Thanks for your time if you have read this.

[jkerr82508]

It may not help, but shouldn't do any harm, to re-install polkit:

Code: Select all

urpmi --replacepkgs polkit

Jim

[doktor5000]

No point in arguing with really smart people ...

I'm not pretending I'm smart but I was expecting a more helpful and supporting welcome, and after all you don't know me, maybe I can have some ideas too.

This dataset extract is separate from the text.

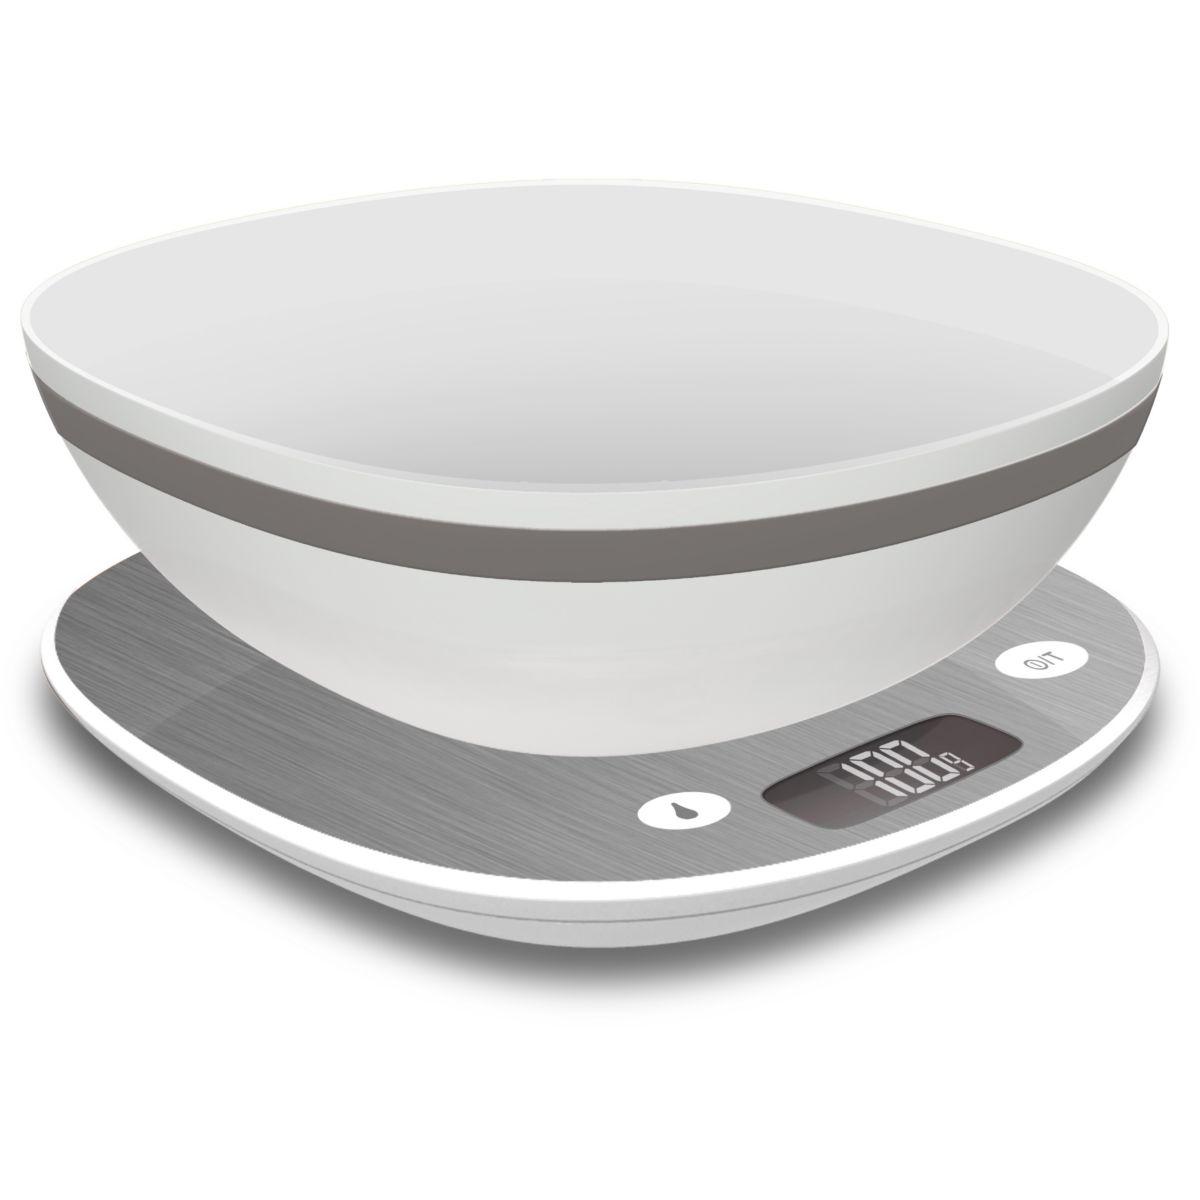 Balance electronique terraillon macaron givre + bol - 10% de remise immédiate avec le code : cool10

My apologies, you're correct with that. Seems my current early shift duty leads to slightly grumpier replies then usual

My point was not to disable polkit, my point was to change something in polkit settings, to see if it works better or has any effect, because in reality I don't know how polkit works, I just think that polkit is a tool that allows users not being root to run some tools as root with eventually a preliminary authentication. In a way, polkit allows not having to do "su -" or "sudo" to run commands that require privileges.

Yes and no It's actually more then just a tool and it's a little more complex.
It consists of two parts, one system authority, and a polkit agent for every user session, which will display the authentication requests.
For the documentation see http://www.freedesktop.org/software/pol ... kit.8.html

You can see the status and the last 10 lines of logs (e.g. authentication requests) of the system daemon as root via

Code: Select all

systemctl status polkit.service -a

You can check if the system daemon and the user polkit agent is running via

Code: Select all

ps -ef | grep -v grep | grep polkit

The systemwide rules are kep under /usr/share/polkit-1/rules.d (e.g. the one for all our drakxtools is /usr/share/polkit-1/rules.d/org.mageia.draksec.rules )
and the actions requested by certain programs are located in /usr/share/polkit-1/actions/

For your problem with polkit, there are certain issues that might come into play. First there was an issue (in the bug report linked to a few posts above)
after a polkit update. It either required a restart of the polkit system daemon or in some cases a complete reboot so it was functional again.
Apart from that, members of the wheel group are handled specially by default, see https://wiki.archlinux.org/index.php/Po ... identities
Also when using a remote X session or remote ssh session there may be issues using polkit. See e.g. https://bugs.mageia.org/show_bug.cgi?id=13834

BTW: For the reinstallation I'd also amend Jim's command by --replacefiles.